=== Source records ===
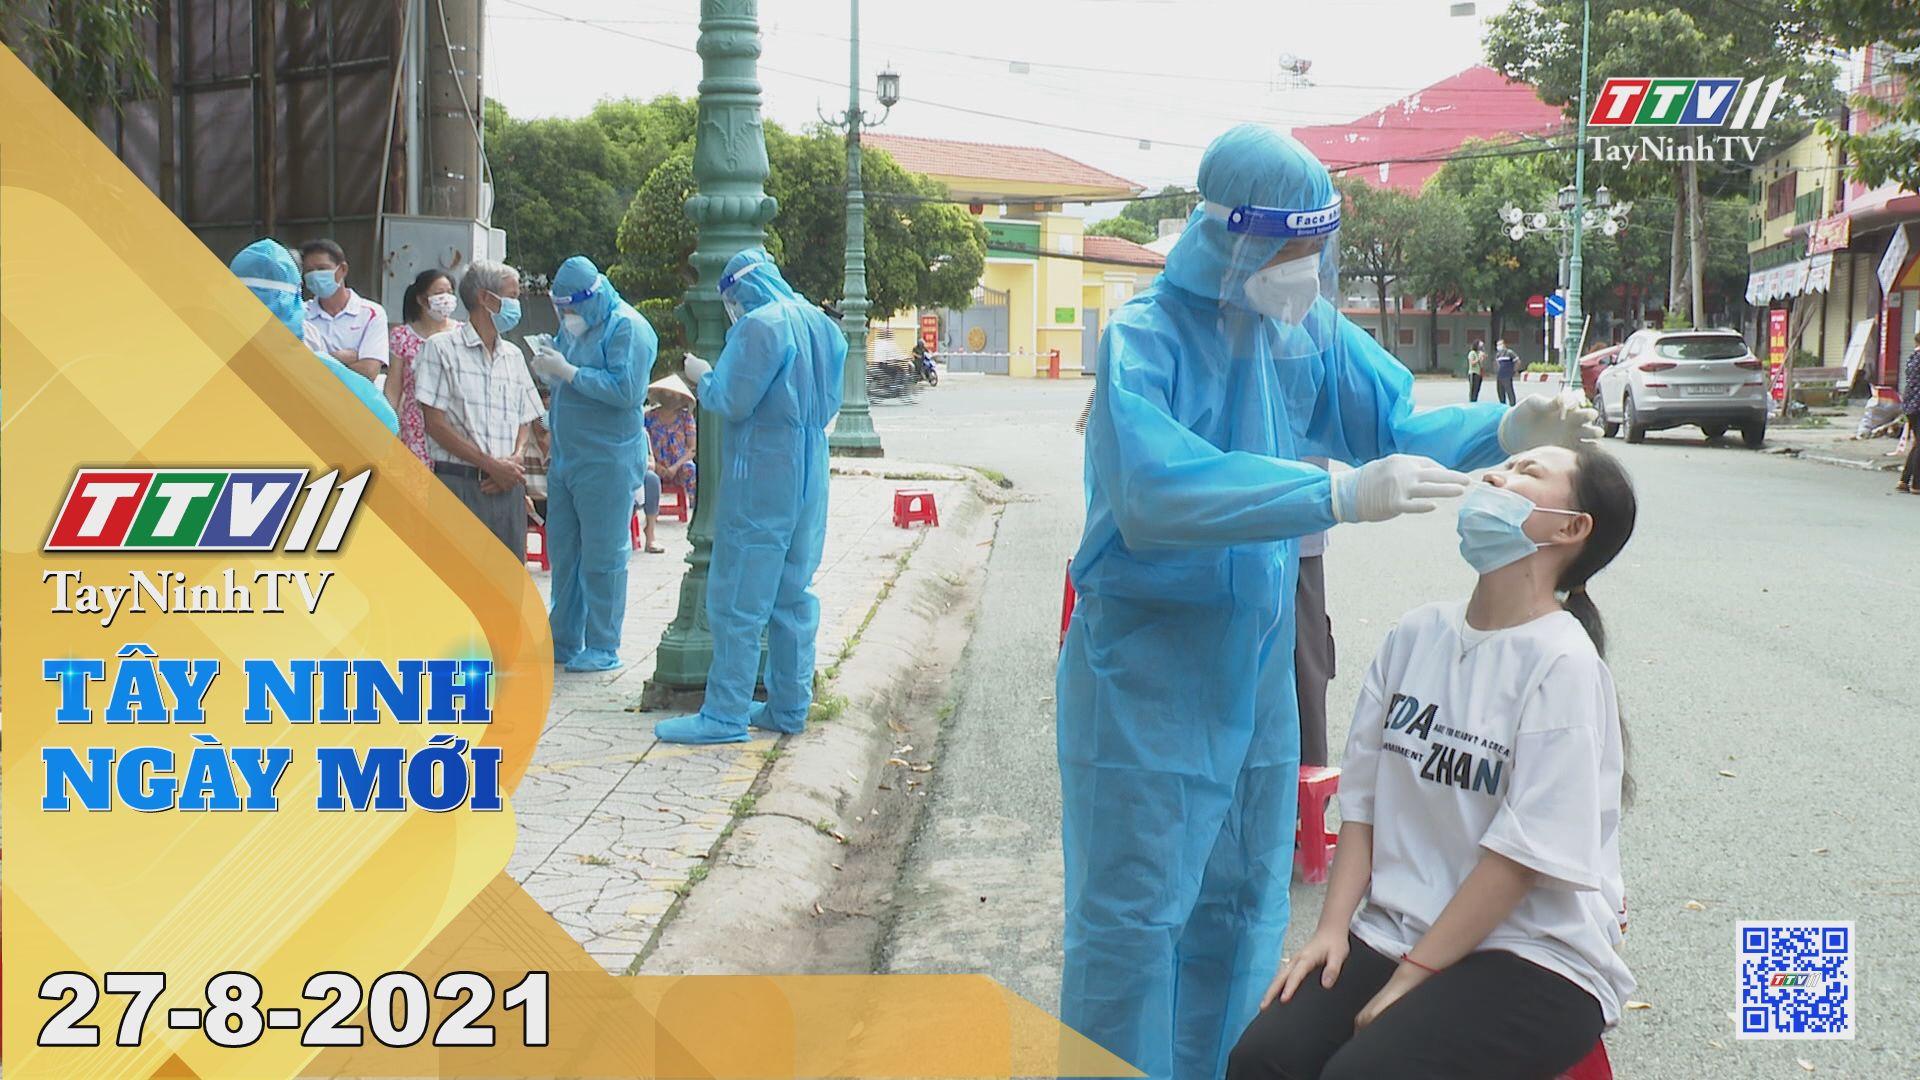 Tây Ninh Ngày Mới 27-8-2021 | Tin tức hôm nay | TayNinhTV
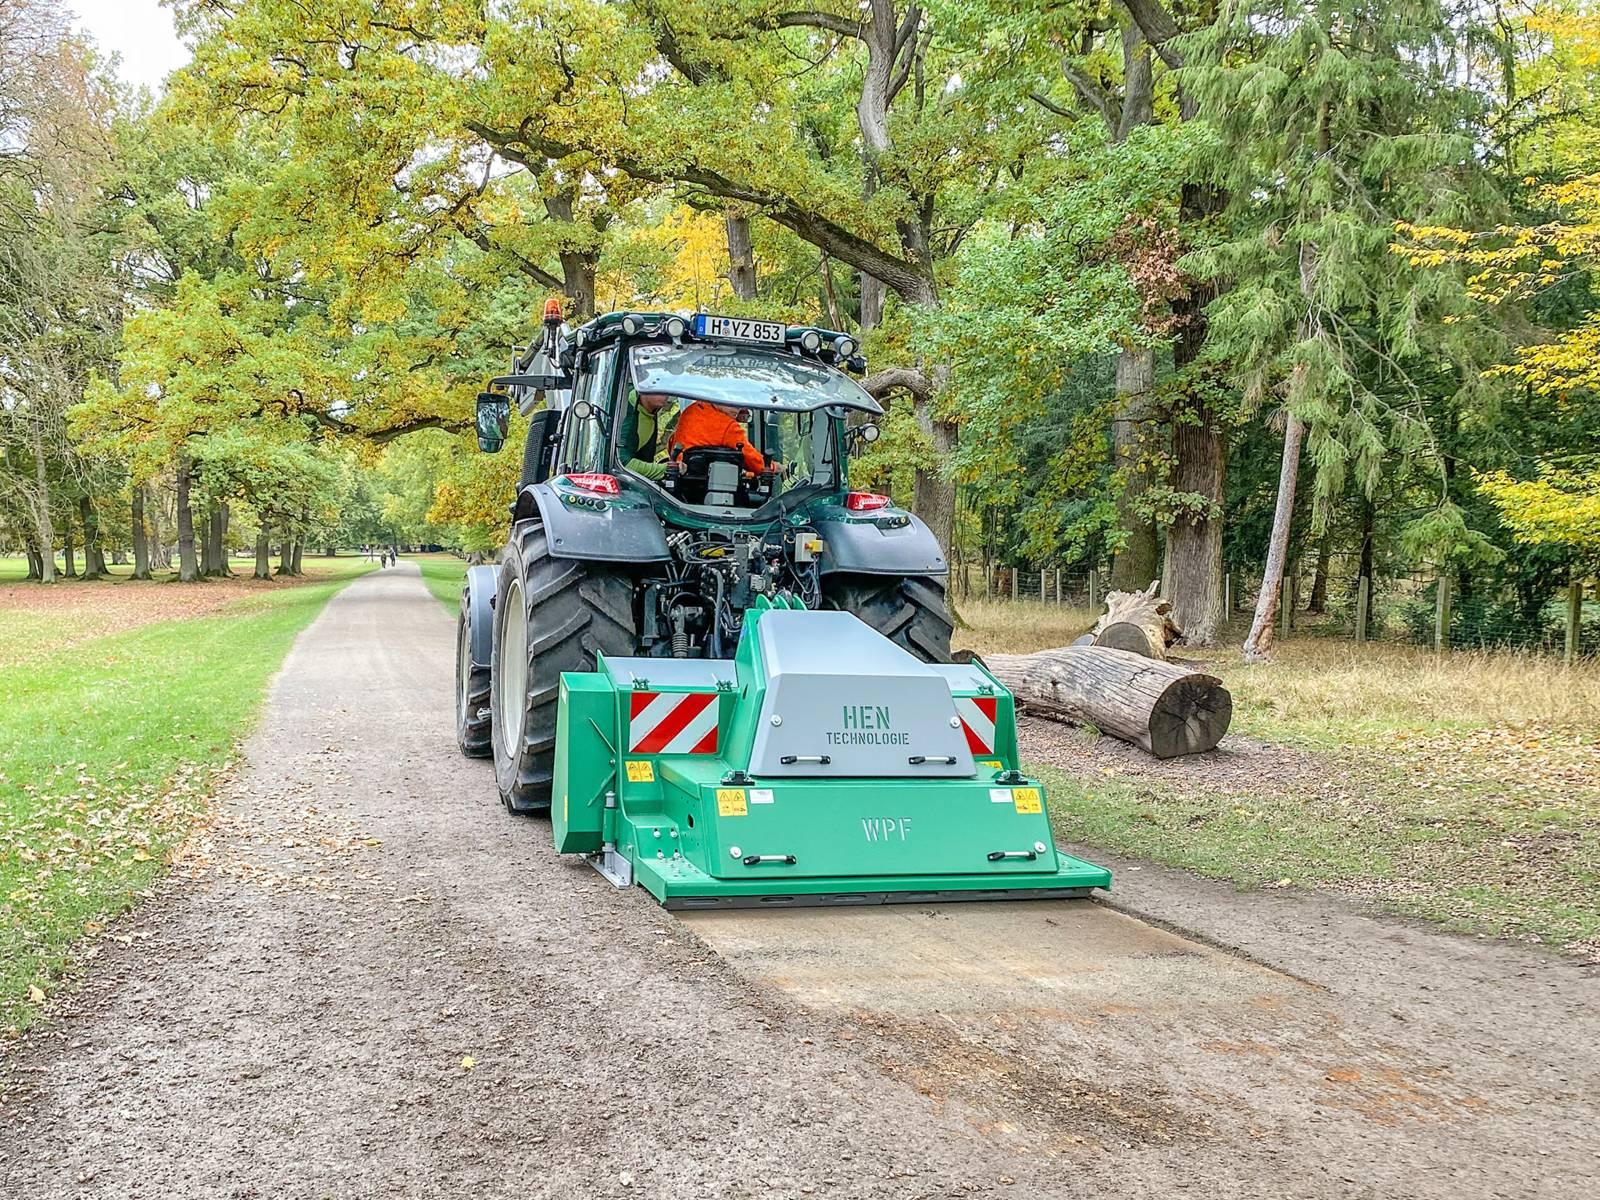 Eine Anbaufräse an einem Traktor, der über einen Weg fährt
===
=== Source records ===
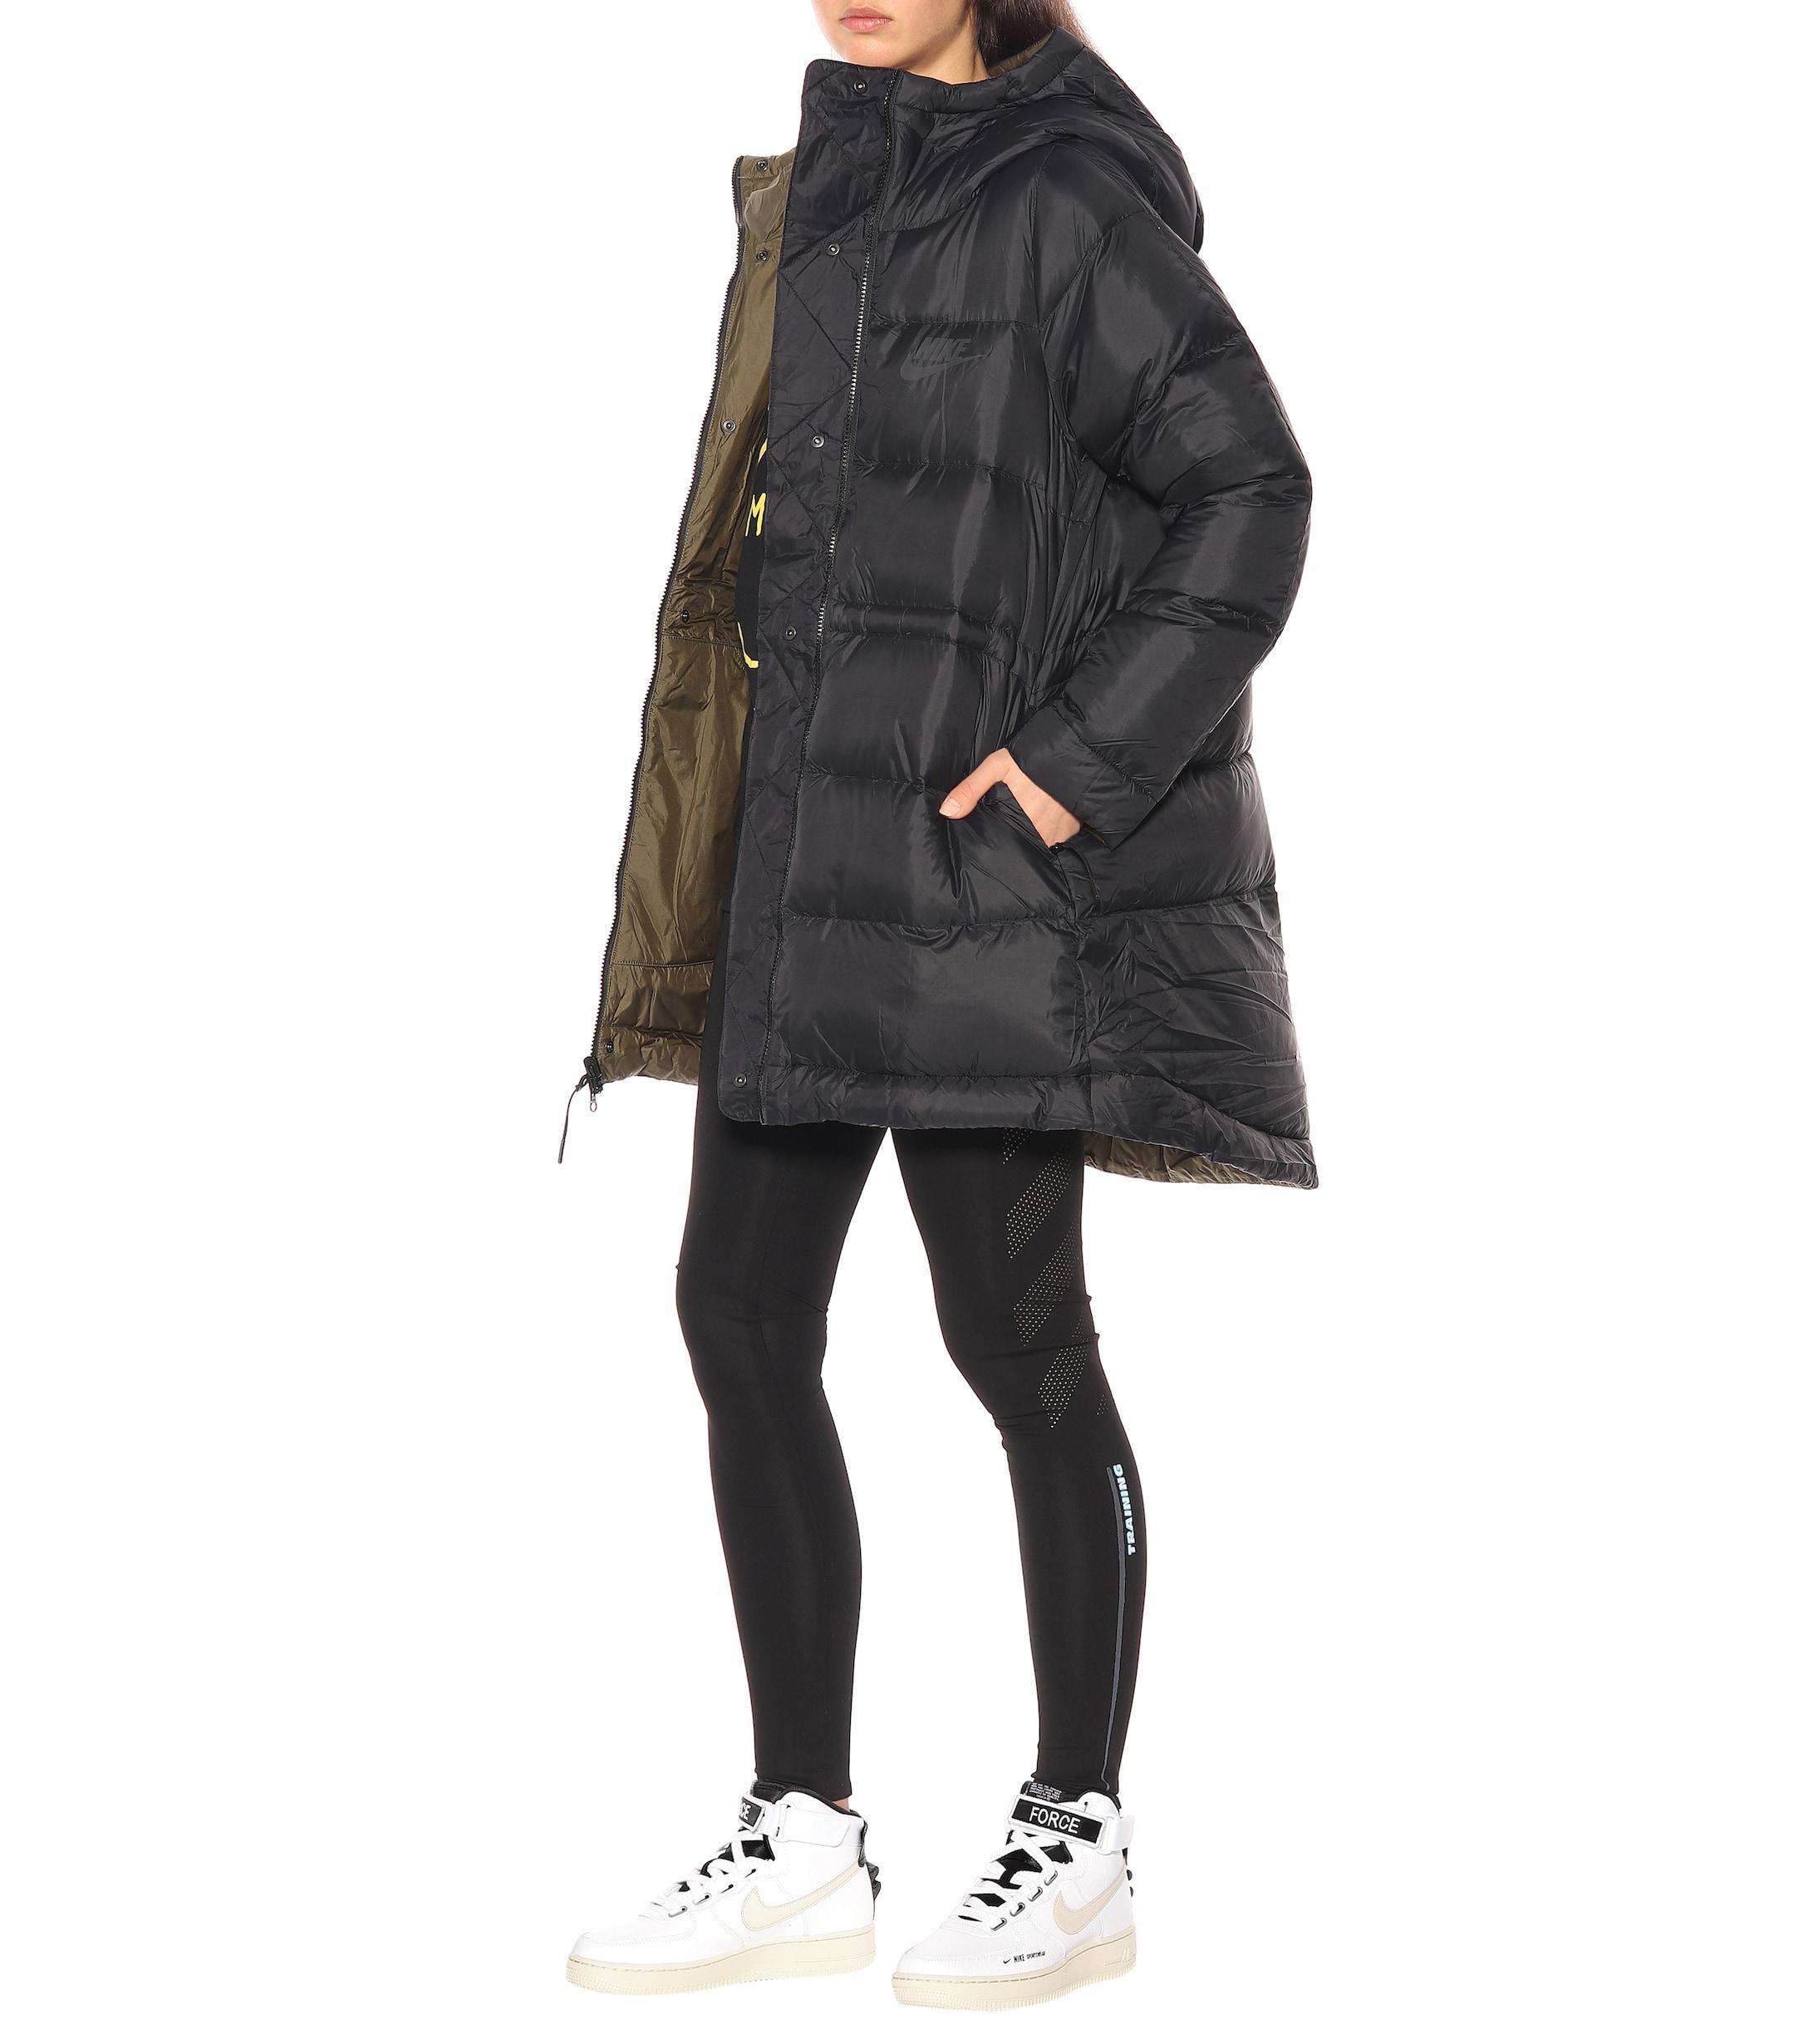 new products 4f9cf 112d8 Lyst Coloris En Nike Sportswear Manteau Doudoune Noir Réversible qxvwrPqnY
===
Reproduce exactly the lines of the data above that run from the line with "Tây Ninh Ngày" down to the line with "Eine Anbaufräse an", both ends included. Pictures do not belong in the copy.

▶ Finished exercise:
 Tây Ninh Ngày Mới 27-8-2021 | Tin tức hôm nay | TayNinhTV
 Eine Anbaufräse an einem Traktor, der über einen Weg fährt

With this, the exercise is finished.